### TASK REQUIREMENTS:
Repeat the data that follows exactly, starting at the line with "- Belledent nadine" and ending at the line with "Nissan Now Sales Event", and leave out every picture.

### RECORD EXCERPTS:
****************

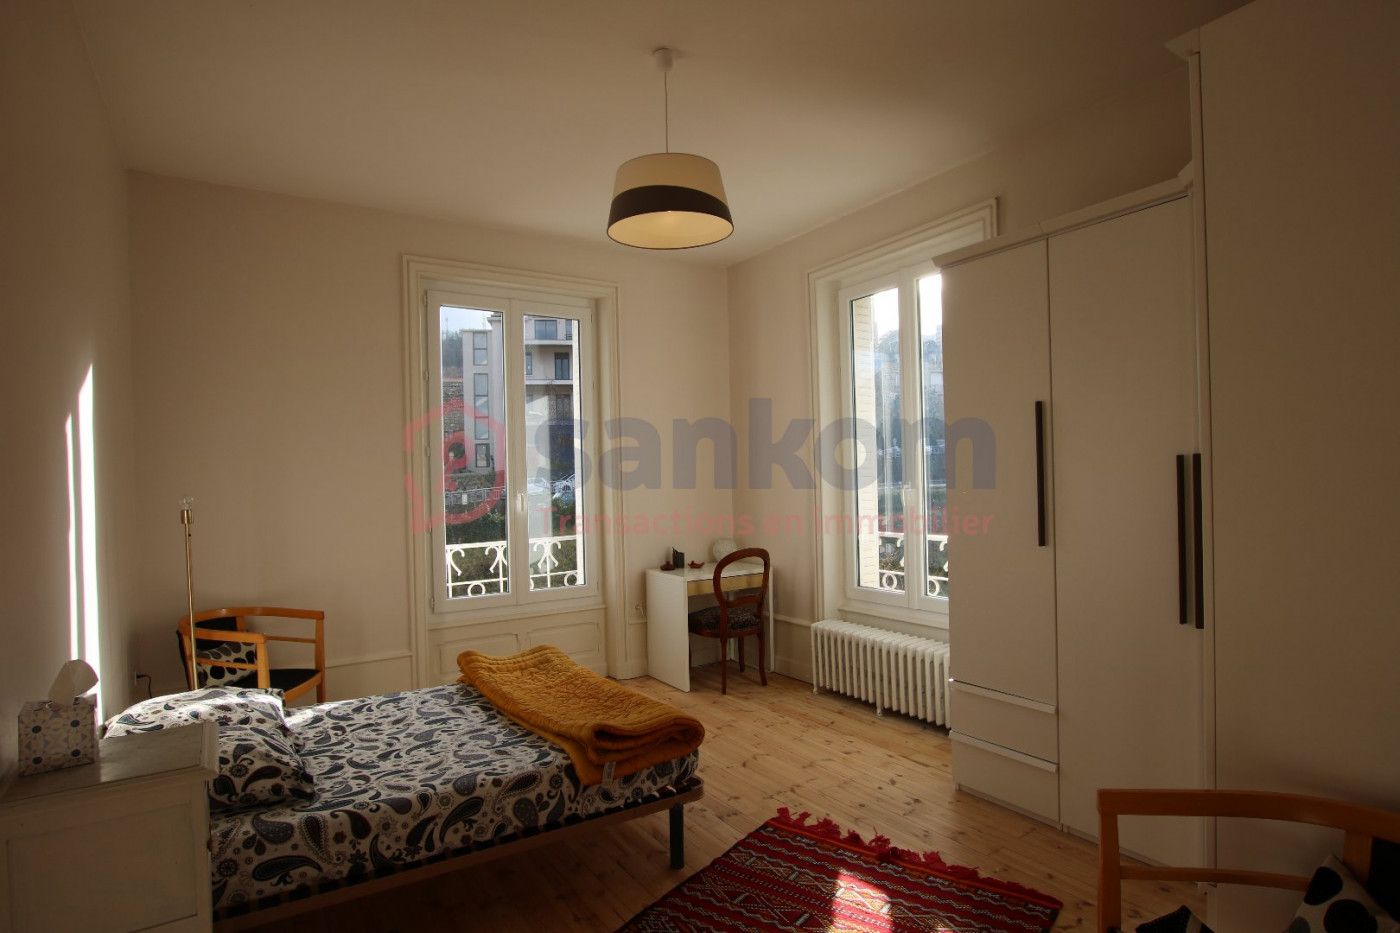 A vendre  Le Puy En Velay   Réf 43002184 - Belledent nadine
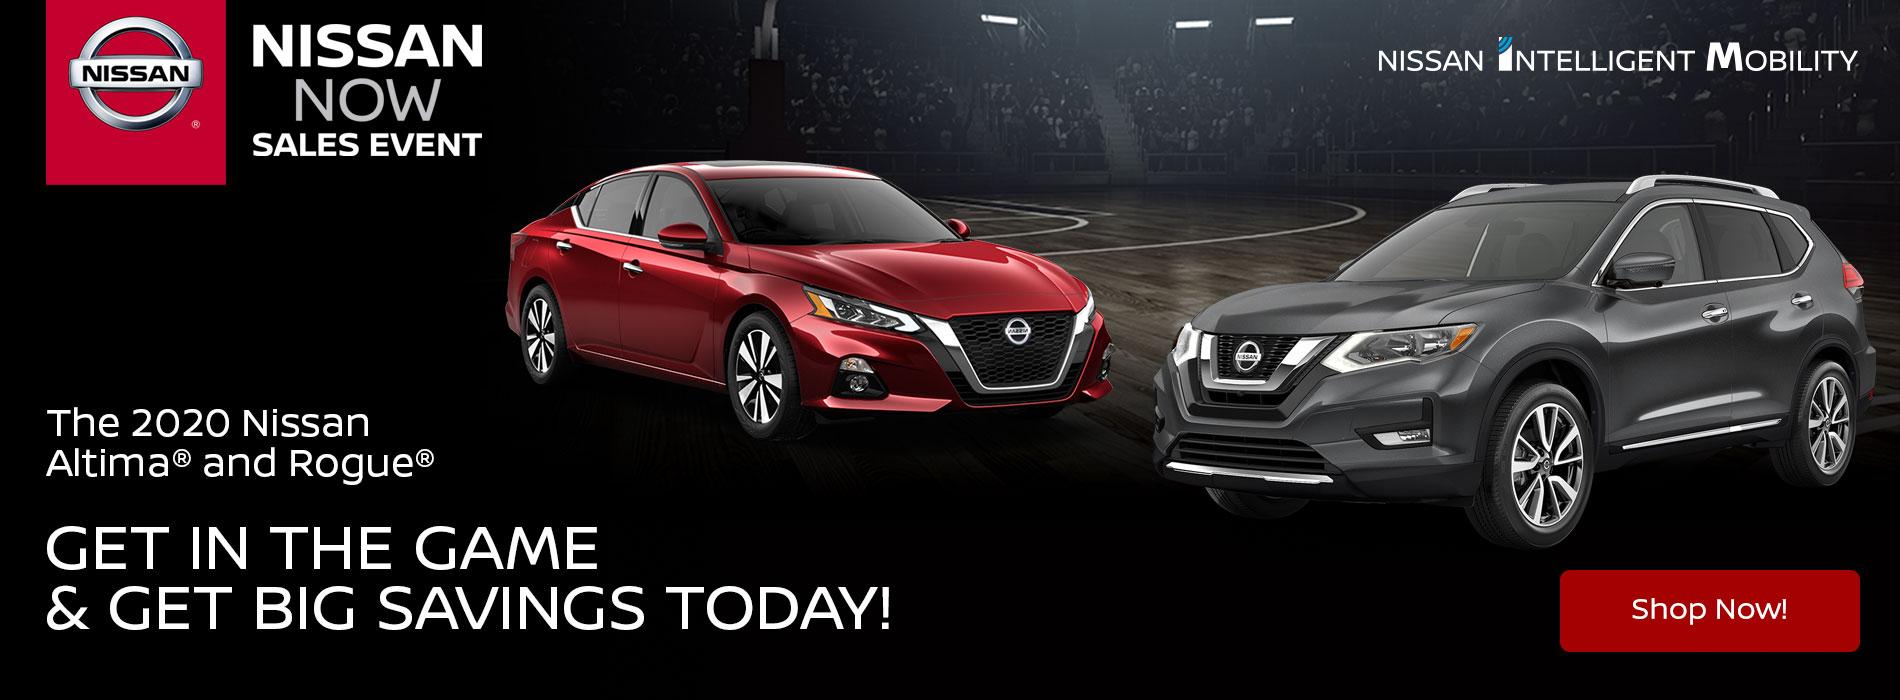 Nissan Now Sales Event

****************

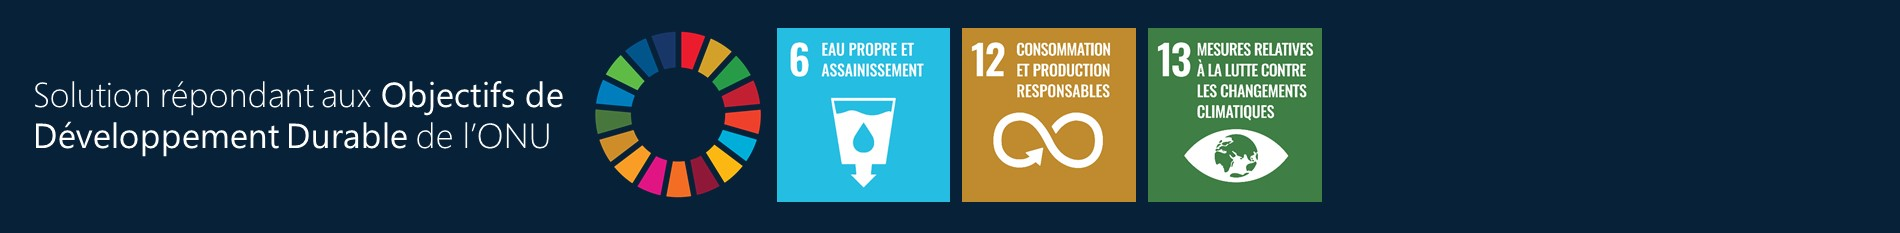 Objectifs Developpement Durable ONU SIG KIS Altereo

****************

### EXERCISE OUTPUT:
 A vendre  Le Puy En Velay   Réf 43002184 - Belledent nadine
 Nissan Now Sales Event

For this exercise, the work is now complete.